Rvest 阅读分离文章数据 [英] Rvest reading separated article data

查看:28
本文介绍了Rvest 阅读分离文章数据的处理方法,对大家解决问题具有一定的参考价值,需要的朋友们下面随着小编来一起学习吧!

问题描述

我希望从inquirer.net 抓取文章数据.

这是

我可以接受多行,因为我可以合并最终结果.但是由于还有其他非文章项目,所以它会弄乱我正在尝试做的事情(情绪分析).

有人可以协助如何清理这些数据,以便在每个文章链接旁边都有完整的文章吗?

我可以简单地合并不包括第一行和最后两行的结果,但要寻找一种更简洁的方法,因为我想对所有文章数据执行此操作,而不仅仅是对这一数据执行此操作.

解决方案

在对文章页面的结构进行简短的查看后,我建议使用 css 选择器:".article_align div p".

库(rvest)图书馆(dplyr)url <-https://newsinfo.inquirer.net/1291178/pnp-spox-says-he-did-not-intend-to-put-sinas-in-bad-light"read_html(url) %>%html_nodes(".article_align div p") %>%html_text()

I am looking to scrape article data from inquirer.net.

This is a follow-up question to Scrape Data through RVest

Here is the code that works based on the answer:

library(rvest)
#> Loading required package: xml2
library(tibble)

year  <- 2020
month <- 06
day   <- 13
url   <- paste0('http://www.inquirer.net/article-index?d=', year, '-', month, '-', day)

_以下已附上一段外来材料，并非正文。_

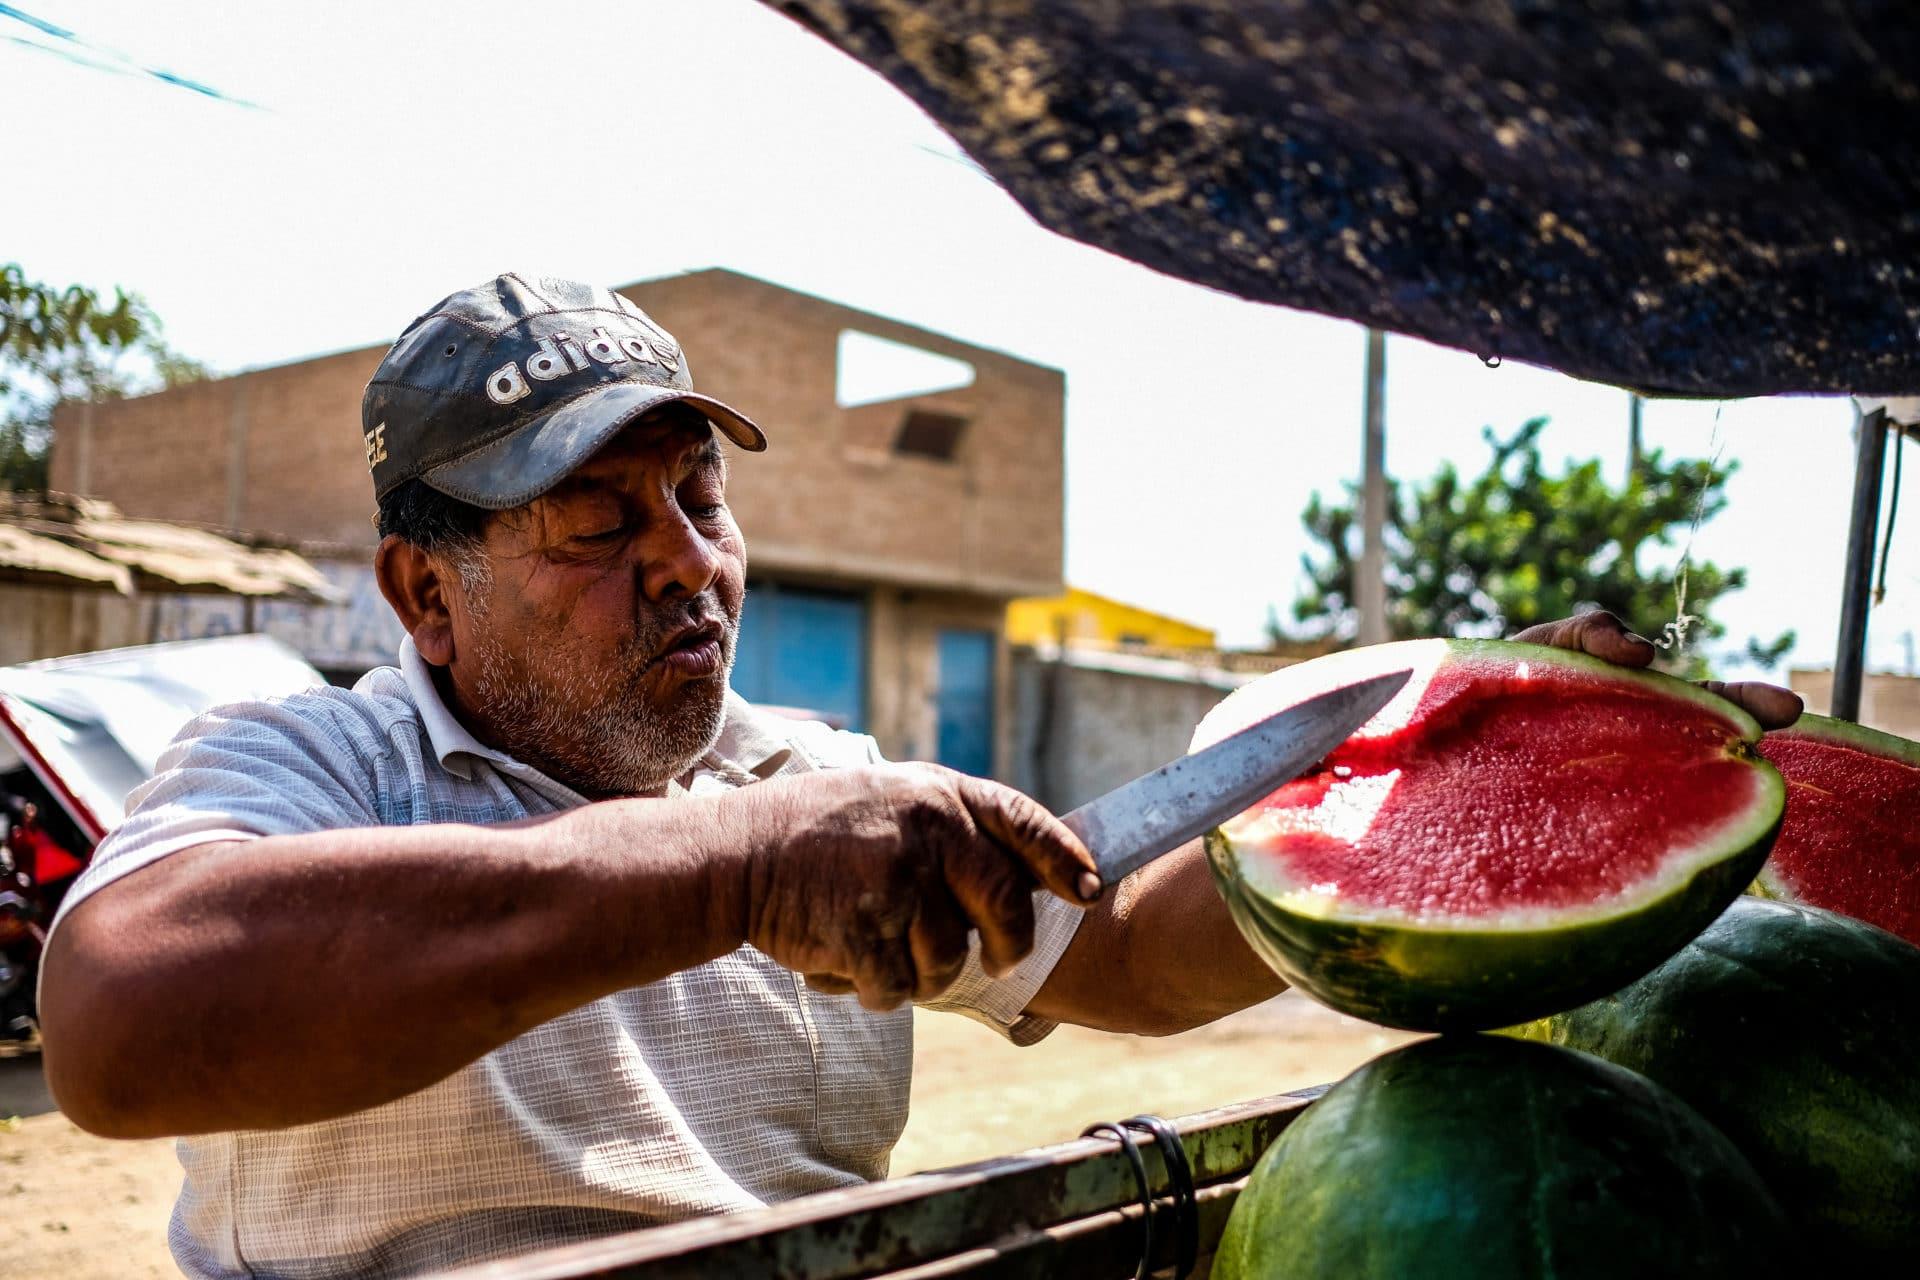 Man Cutting Watermellon-2

div       <- read_html(url) %>% html_node(xpath = '//*[@id ="index-wrap"]')
links     <- html_nodes(div, xpath = '//a[@rel = "bookmark"]') 
post_date <- html_nodes(div, xpath = '//span[@class = "index-postdate"]') %>% 
             html_text()

test <- tibble(date = post_date,
               text = html_text(links),
               link = html_attr(links, "href"))

test
#> # A tibble: 261 x 3
#>    date     text                              link                              
#>    <chr>    <chr>                             <chr>                             
#>  1 1 day a~ ‘We can never let our guard down~ https://newsinfo.inquirer.net/129~
#>  2 1 day a~ PNP spox says mañanita remark di~ https://newsinfo.inquirer.net/129~
#>  3 1 day a~ After stranded mom’s death, Pasa~ https://newsinfo.inquirer.net/129~
#>  4 1 day a~ Putting up lining for bike lanes~ https://newsinfo.inquirer.net/129~
#>  5 1 day a~ PH Army provides accommodation f~ https://newsinfo.inquirer.net/129~
#>  6 1 day a~ DA: Local poultry production suf~ https://newsinfo.inquirer.net/129~
#>  7 1 day a~ IATF assessing proposed design t~ https://newsinfo.inquirer.net/129~
#>  8 1 day a~ PCSO lost ‘most likely’ P13B dur~ https://newsinfo.inquirer.net/129~
#>  9 2 days ~ DOH: No IATF recommendations yet~ https://newsinfo.inquirer.net/129~
#> 10 2 days ~ PH coronavirus cases exceed 25,0~ https://newsinfo.inquirer.net/129~
#> # ... with 251 more rows

I now want to add a new column to this output which has the full article for each row. Before doing the for-loop, I was investigating the html code for the first article: https://newsinfo.inquirer.net/1291178/pnp-spox-says-he-did-not-intend-to-put-sinas-in-bad-light

Digging into the html code, I'm noticing it is not that clean. From my findings so far, the main article data falls under #article_content , p. So my output right now is multiple rows separated and there is a lot of non-article data appearing. here is what I have currently:

article_data<-data.frame(test)
article_url<- read_html(article_data[2, 3])
article<-article_url %>%
   html_nodes("#article_content , p") %>%
   html_text()
View(article)

I'm ok with this being multiple rows because I can just union the final result. But since there are other non-article items then it will mess up what I am trying to do (sentiment analysis).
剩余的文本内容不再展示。